News > February 8, 2007
Getting Vets Their Benefits Back
By Melinda Tuhus

U.S. Secretary of Veterans Affairs James Nicholson (L) testifies as Under Secretary for Health Jon Perlin (R) listens during a hearing before the House Appropriations Subcommittee on Military Quality of Life and Veterans Affairs on Capitol Hill June 28, 2005, in Washington, DC.
Rick Scavetta lives with his wife and young daughter in a small town near New Haven, Conn. He joined the Army at 18, in part to earn money for college, and served in the regular Army and then the Reserve for a total of 15 years, reaching the rank of Sergeant 1st Class. In 2005, his Reserve unit was called up, and he served a year in Afghanistan.
Scavetta says he made a firm decision to leave the military last February, and planned to use his GI Bill benefits to pursue a master’s degree in political science and to study Arabic at Southern Connecticut State University.
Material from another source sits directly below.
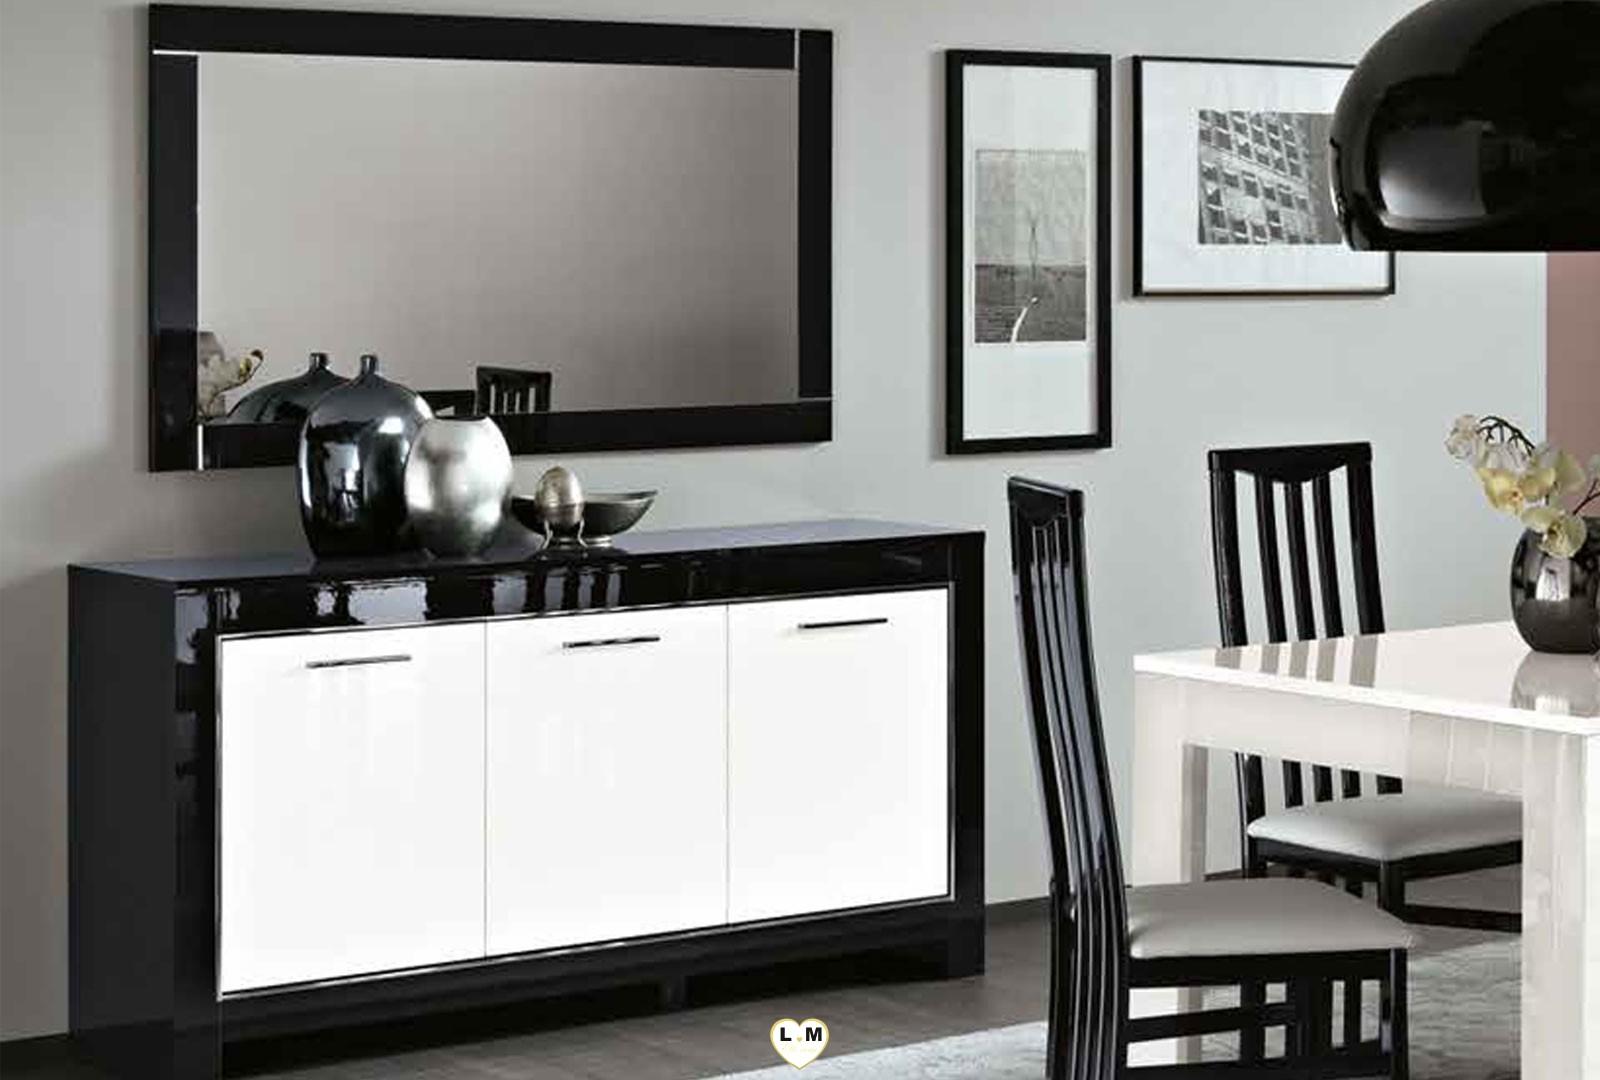 Marina laque noir et blanc ensemble sejour salle a manger - Salle a manger noir et blanc laque ...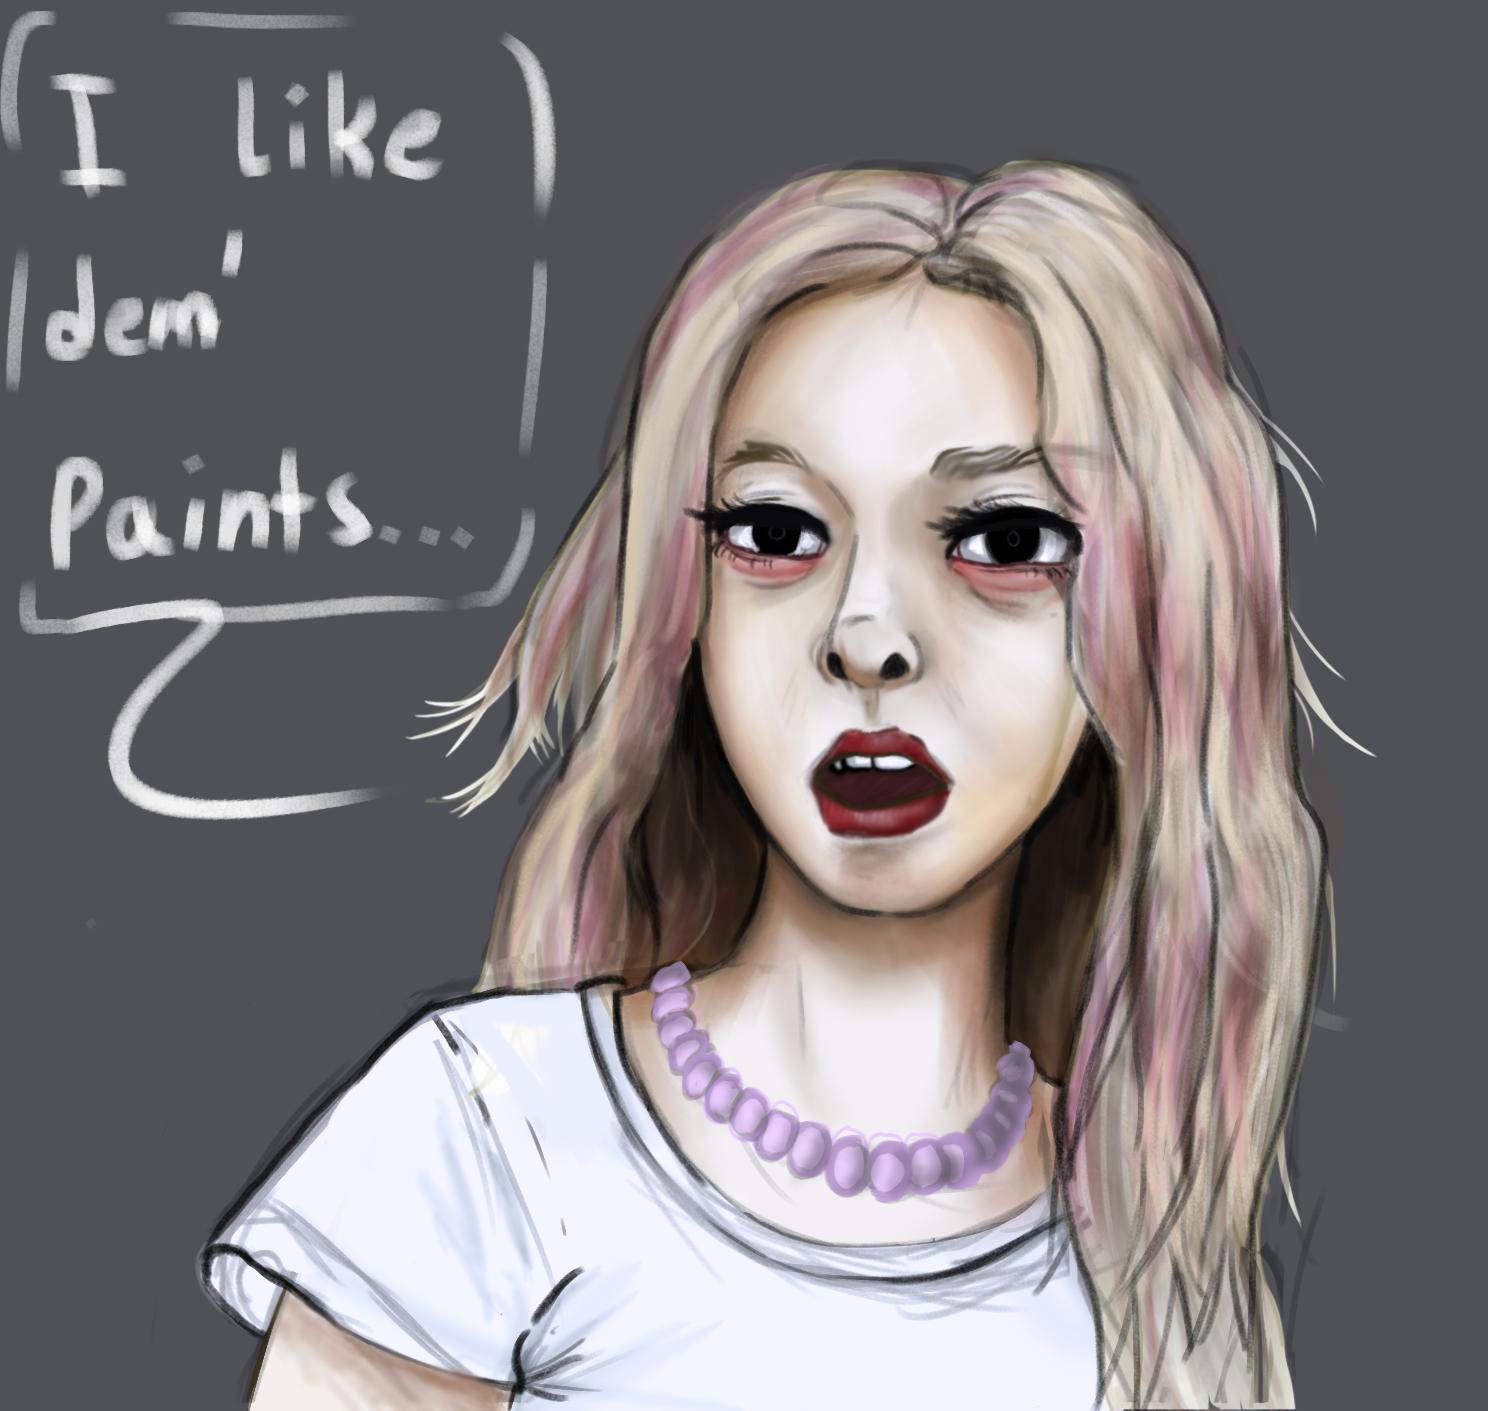 Dem Paints

But he was told in his exit briefing that if he deactivated—in military terms, “left drill status”—he would not be eligible.
“Imagine if someone told you, ‘We promise you these benefits if you serve your country,’ and you held up your end of the bargain for six years in the Reserve, a year or two deployed overseas,” he says. “It’s frustrating, especially since school can be a very grounding thing for a veteran returning from war.”
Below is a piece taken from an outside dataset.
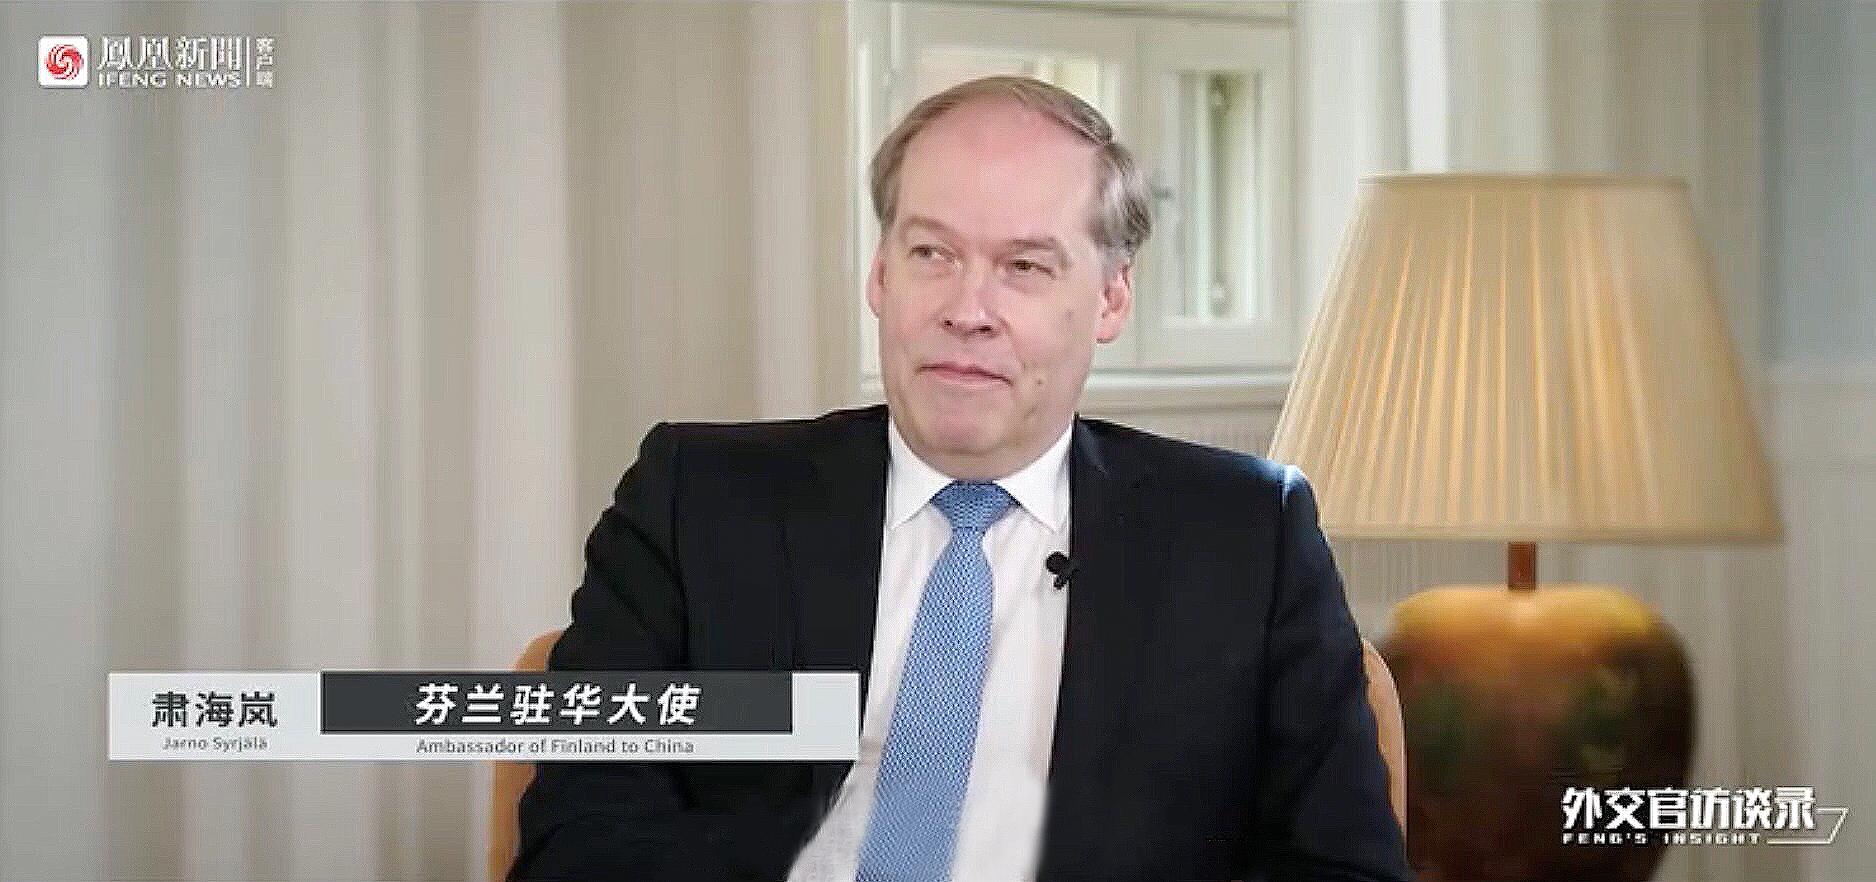 芬兰驻华大使:创新是刻印在芬兰人基因里的一部分

Scavetta is just one of the many vets Jack Mordente works with as director of Veterans Affairs (VA) at Southern Connecticut State University in New Haven. Mordente says he learned last May that the Department of Defense was telling war-activated Guard and Reservists that if they left paid drill status they would lose their GI Bill education benefits. “And in fact it’s not true,” he says.
VA representative Keith Wilson backs up Mordente’s interpretation. Providing a bit of history, he says that in 1985 Congress created GI Bill education benefits for members of the Guard and Reserve for the first time. Then, he adds, “During Gulf War I, some individuals in the Guard and Reserve were called up for active duty, which interfered with their ability to pursue their education. So Congress passed a law that allowed the delimiting date (i.e., eligibility deadline) to be extended for a period equal to the time they’re activated plus four months.”
Mordente says if a member of the Guard or Reserve knows he or she is eligible and files for the benefit, the Veterans Administration will pay it.
But the Department of Defense (DoD) interprets the law differently. Lt. Col. Steve Beller of the Army National Guard writes the Guard policies to implement Army regulations. He says that the Department of Defense, unlike the VA, interprets the law to restrict eligibility for benefits to those who remain on drill status.
“The general counsels of the VA and the DoD issued opposite opinions,” he says. The two departments are trying to resolve their differences, but until they do, Beller says, “We will continue briefing as our attorneys have stated, that those benefits terminate upon leaving Selective Reserve.” He adds, “The funding we get for bonuses, retention and the GI Bill is all in one pot. If we take that money and give it to a vet, that means there’s a soldier sitting in the desert to whom I can’t give a re-enlistment bonus.”
Scavetta knows he’s eligible, but has still run into roadblocks. “I applied for my GI Bill benefits in August,” he says, “and I haven’t heard anything from the VA. I tried to call them, and got redirected to a call center, and the voice says nobody’s available to talk to me and hangs up.” He’s putting his school expenses—about $1,400 per semester—on his credit card. “To not have a quicker delivery system for the benefits we’re entitled to is, quite frankly, bullshit.”
Besides serving veteran-students at SCSU, Mordente is also president of the National Association of Veterans Program Administrators, and through his organization he is trying to get the word out nationally. He says student vets make up more than 20 percent of the nearly 400,000 members of the Guard and Reserve from all branches of the military who have served in Iraq or Afghanistan since 2001. So far, the VA’s Wilson says the department has paid about 3,400 people under this provision, with a maximum payment of $300 a month. No one knows how many retired GIs haven’t applied because they’ve been told they’re ineligible.
“These are war-activated Guard and Reservists who sacrificed,” Mordente says. “And now they’re being told they’re not eligible for a benefit they are eligible for. It’s appalling.”